Autoimmunity appears to be a key factor in Crohn's disease as it develops in a genetically susceptible host if the immunological tolerance towards bacterial antigens within the gastrointestinal tract is abrogated. The resulting excessive immunological activity leads to a chronic sometimes transmural inflammatory process within the bowel wall. However, several lines of evidence are compatible with an immunodeficiency preceding these processes: humoral or cellular immune defects can predispose to inflammatory bowel disease. An increased bacterial adherence at the intestinal mucosa, which is possibly attributable to impaired expression of defensins was observed in Crohn's disease. Furthermore, the 3020insC mutation of the NOD2/CARD15 gene which is associated with Crohn's disease results in impaired cytokine transcription. Lastly, therapeutic approaches such as the use of antibiotic therapy or granulocyte macrophage colony stimulating factor are in line with the concept of an immunodeficiency being a crucial element in Crohn's disease.

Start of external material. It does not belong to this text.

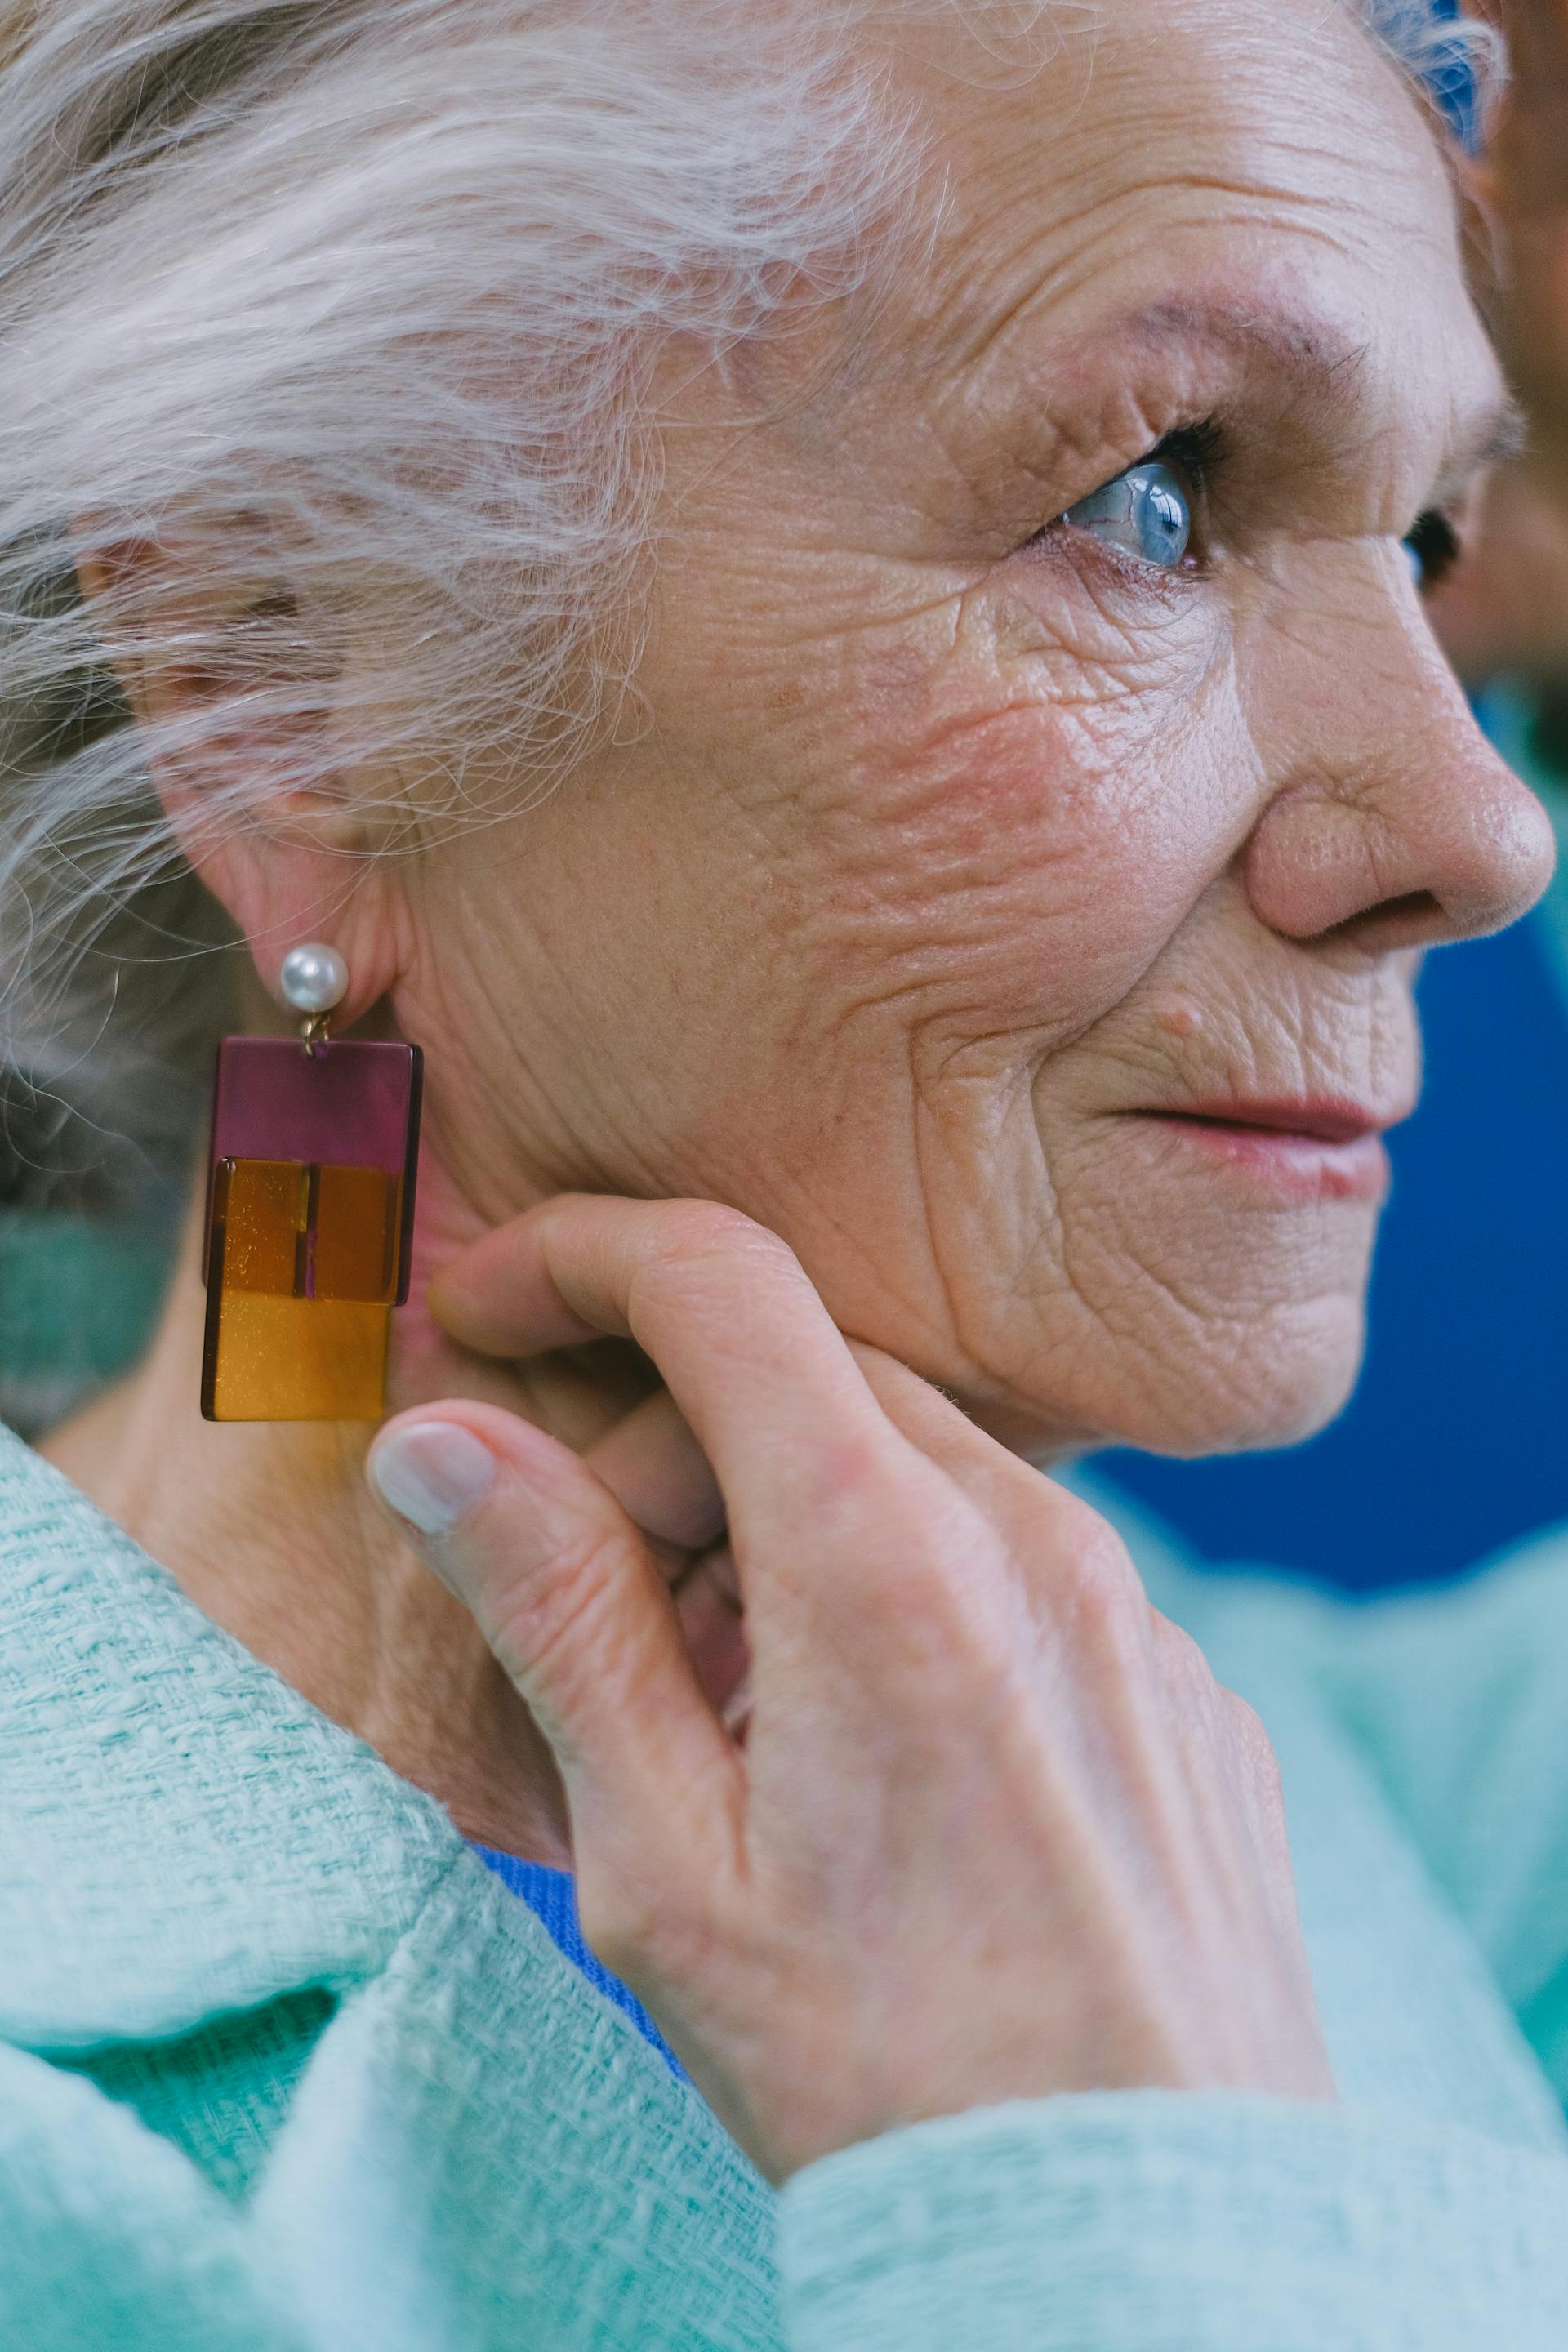 An older woman staring daggers | Source: Pexels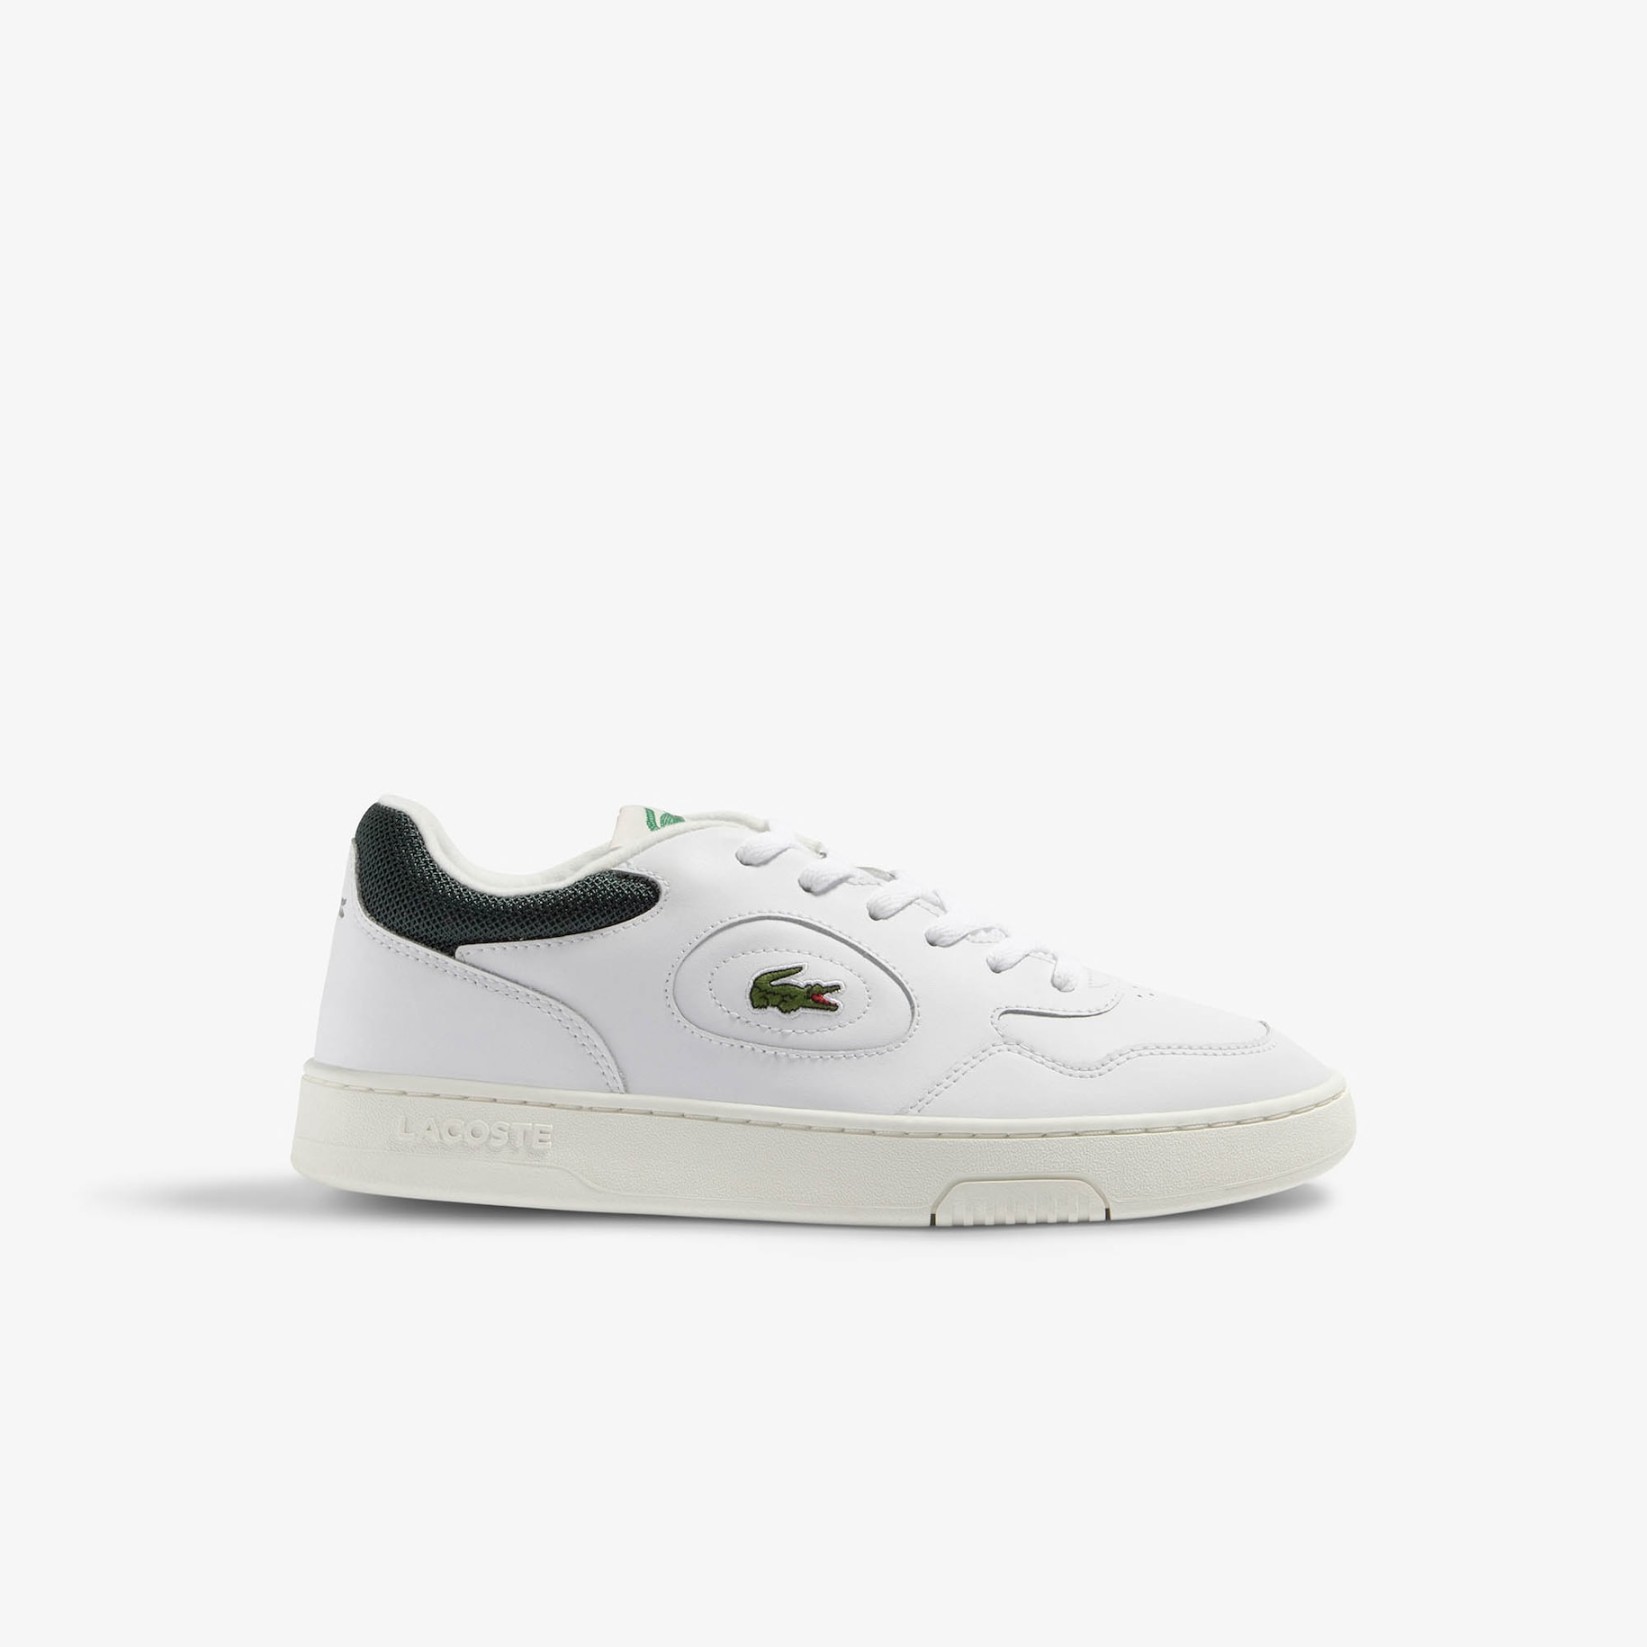 DEPORTIVO MENS LACOSTE LINESET LEATHER SNEAKERS WHITE / DARK GREEN

自身免疫似乎是克罗恩病的关键因素,因为在遗传易感宿主中,如果对胃肠道内细菌抗原的免疫耐受性被破坏,疾病就会发生。由此产生的过度免疫活性会导致肠壁内出现慢性、有时是透壁性的炎症过程。然而,有几条证据与这些过程之前存在免疫缺陷相符:体液或细胞免疫缺陷可能易患炎症性肠病。在克罗恩病中观察到肠道黏膜处细菌黏附增加,这可能归因于防御素表达受损。此外,与克罗恩病相关的NOD2/CARD15基因的3020insC突变会导致细胞因子转录受损。最后,诸如使用抗生素疗法或粒细胞巨噬细胞集落刺激因子等治疗方法符合免疫缺陷是克罗恩病关键因素这一概念。